Paxos-based sharded ordered key value store with CAS

To build a key value storage each node runs a new instance of Paxos variable each time when the node receives a get or put request for an unseen key and redirects all further requests related to the key to that variable. Of course different instances on the same node should share the quorum size and the set of nodes and use unified membership change mechanism which generalises the Paxos variable’s version to work with a dynamic set of Paxos variables. For example its 2n+1 to 2n+2 transition is:

  1. Increase the quorum size.
  2. Generate an event on each node.
  3. Fetch all keys from the nodes up to the event, union them and sync all of them.

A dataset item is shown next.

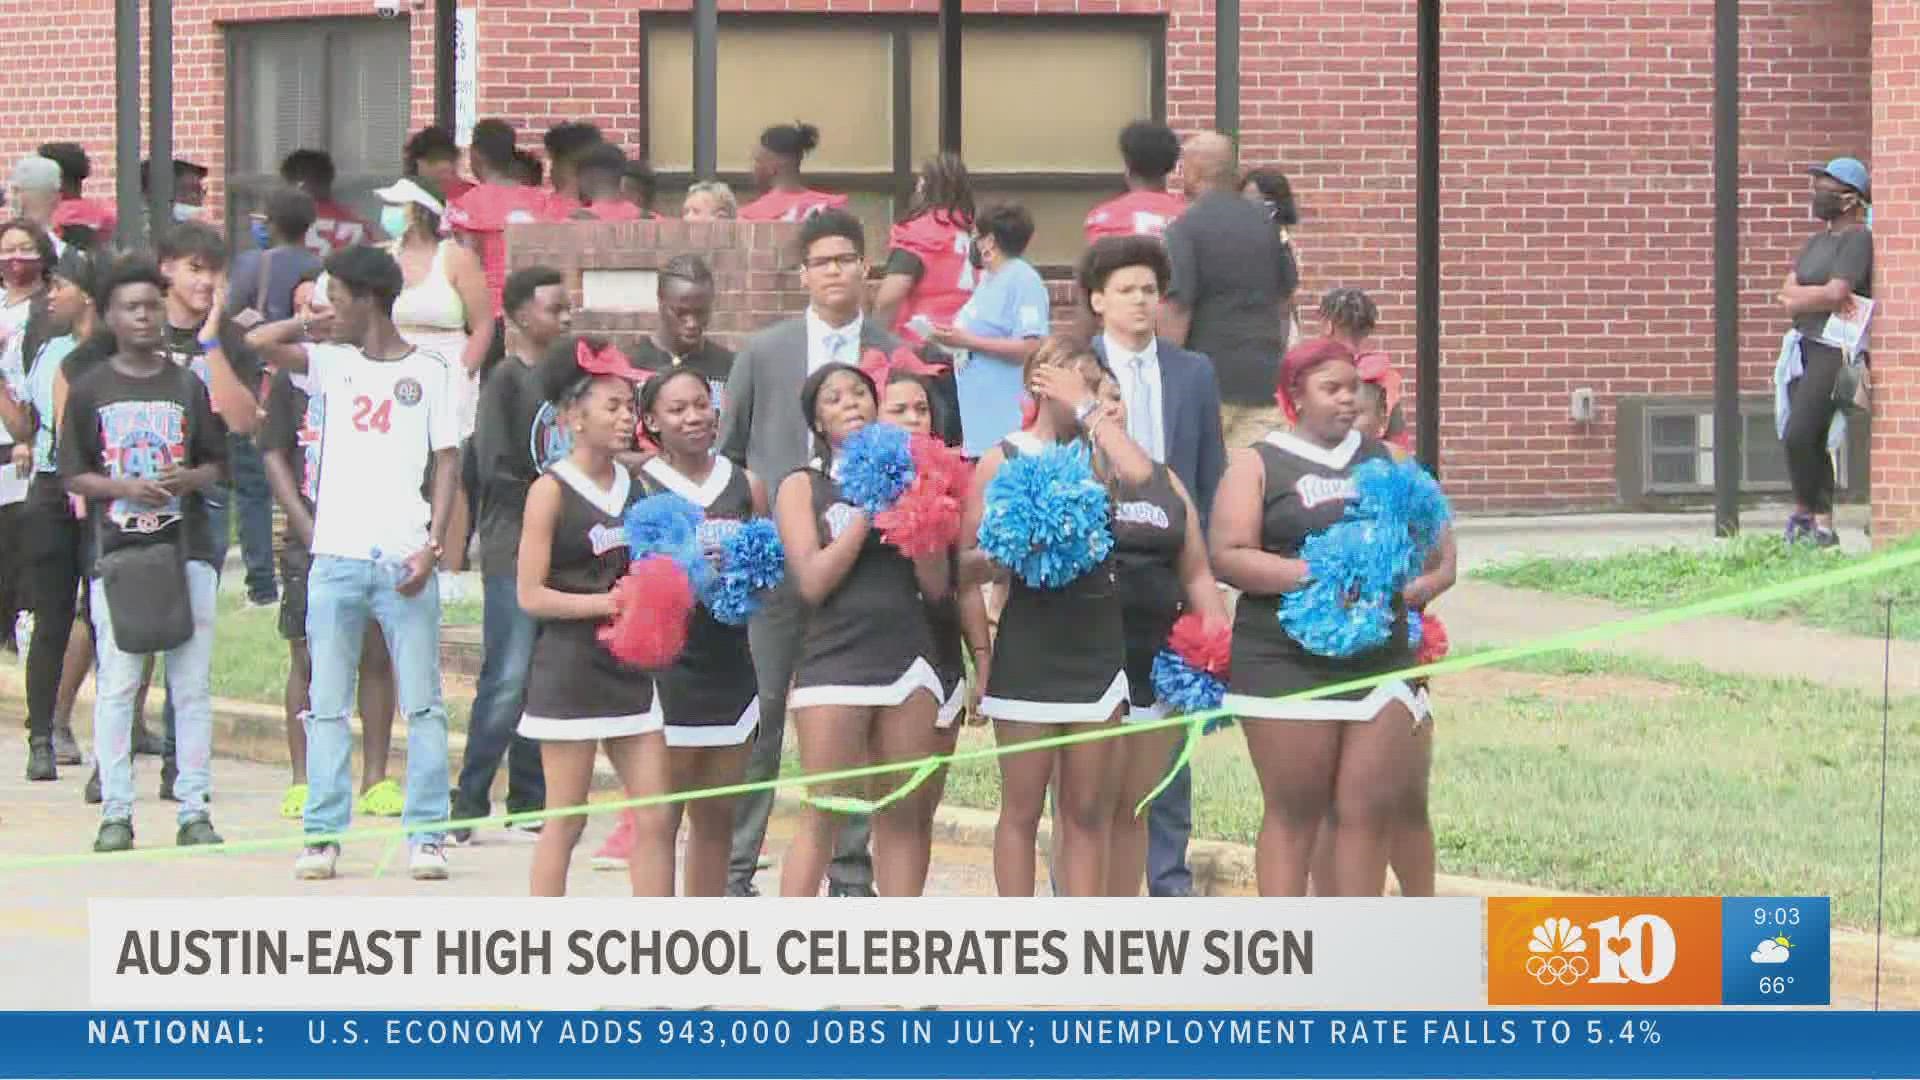 Austin-East High School held a ceremony to celebrate its new electronic sign

Of course this operation may be optimized by batching and by parallel processing.
  4. Add a new node to the set of nodes.

Up to this point we designed a replicated key/value with strong consistency and per key test-and-set concurrency control primitive. Since the whole dataset fits one node nothing prevents us from maintaining the order on keys and support range queries.

The next step is to support sharding.


Imagine a key value storage that lives on three nodes.

Some day because of the storage usage or high load we will decide to split the storage. So we peek a key from the key space and split the key/value storage into two logical groups. First group (A) contains key less-or-equal to the key and the second group contains the rest (B).

Then we add a node to the B group.

And remove a node from it.

And repeat the process until we get A and B clusters working on the different sets of nodes.

As a result we split the storage without stopping the cluster or loosing consistency.